An interactive HTML report containing:

Metric Visualizations:
- Time series plots showing normalized metric values over time
- All metrics plotted together for easy comparison
Cluster Analysis (if selection method was configured):
- Inertia vs. Number of Clusters plot to help select the optimal number of clusters
- Tabbed interface showing cluster results for each cluster configuration
- For each cluster configuration:
  - Cluster assignments visualized on metric plots with background shading
  - Representative timesteps (centroids) highlighted
  - Cluster statistics and member counts
  - Pairplot Matrix: A scatter plot matrix showing relationships between all pairs of metrics, with points colored by cluster assignment. This visualization helps understand how clusters group timesteps in the multi-dimensional metric space and reveals correlations between different metrics.
Metric Specifications Table:
- Summary of all metric specifications used
- Expression trees showing the structure of each metric calculation
Validation Errors Table:
- Any metric specifications that failed validation
- Error messages explaining what went wrong

The HTML report provides a comprehensive visual analysis of the representative timestep selection process, making it easy to understand which timesteps were selected and why.

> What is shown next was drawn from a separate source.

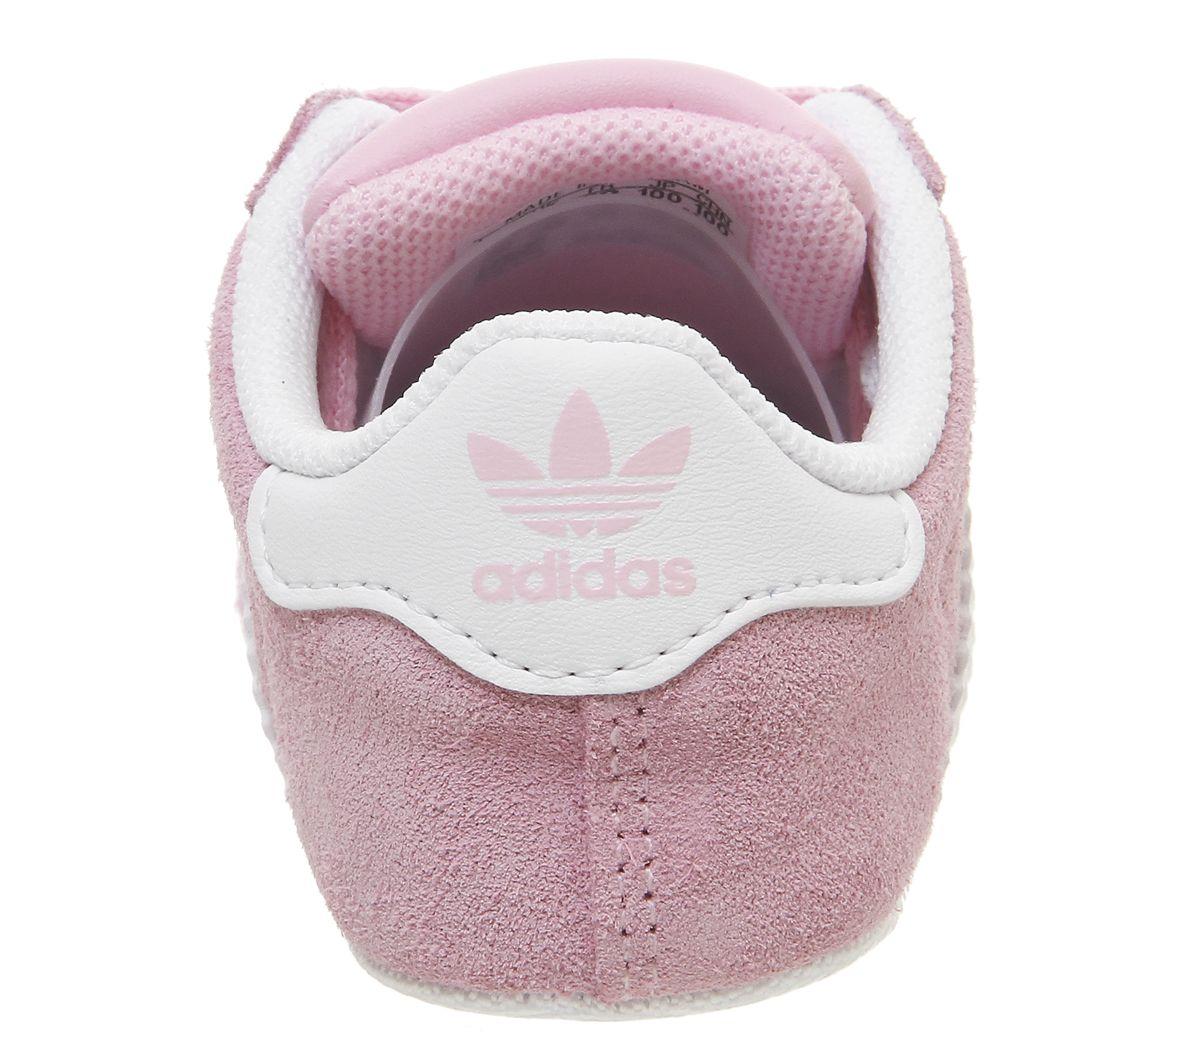 Cuna Infantil True 34arlq5j Gazelle Adidas Zapatillas Rosaebay 3ALR4j5

3. Copied Network and Scenario Files (Optional)

If “Copy Network and Scenario” is set to True (the default), the original network and scenario files are copied to the output directory for reference and further analysis. If set to False, the files are not copied, and the plugin uses the original file paths directly.

Interpreting Results

Selecting the Number of Clusters

If a clustering selection method was configured, the plugin generates results for multiple cluster configurations. To select the optimal number:

Review the Inertia Plot: The inertia (within-cluster sum of squares) generally decreases as the number of clusters increases. Look for an “elbow” in the curve where adding more clusters provides diminishing returns.
Examine Cluster Assignments: Review the cluster assignments in the HTML report to see how timesteps are grouped. Ensure the clusters make physical sense for your analysis.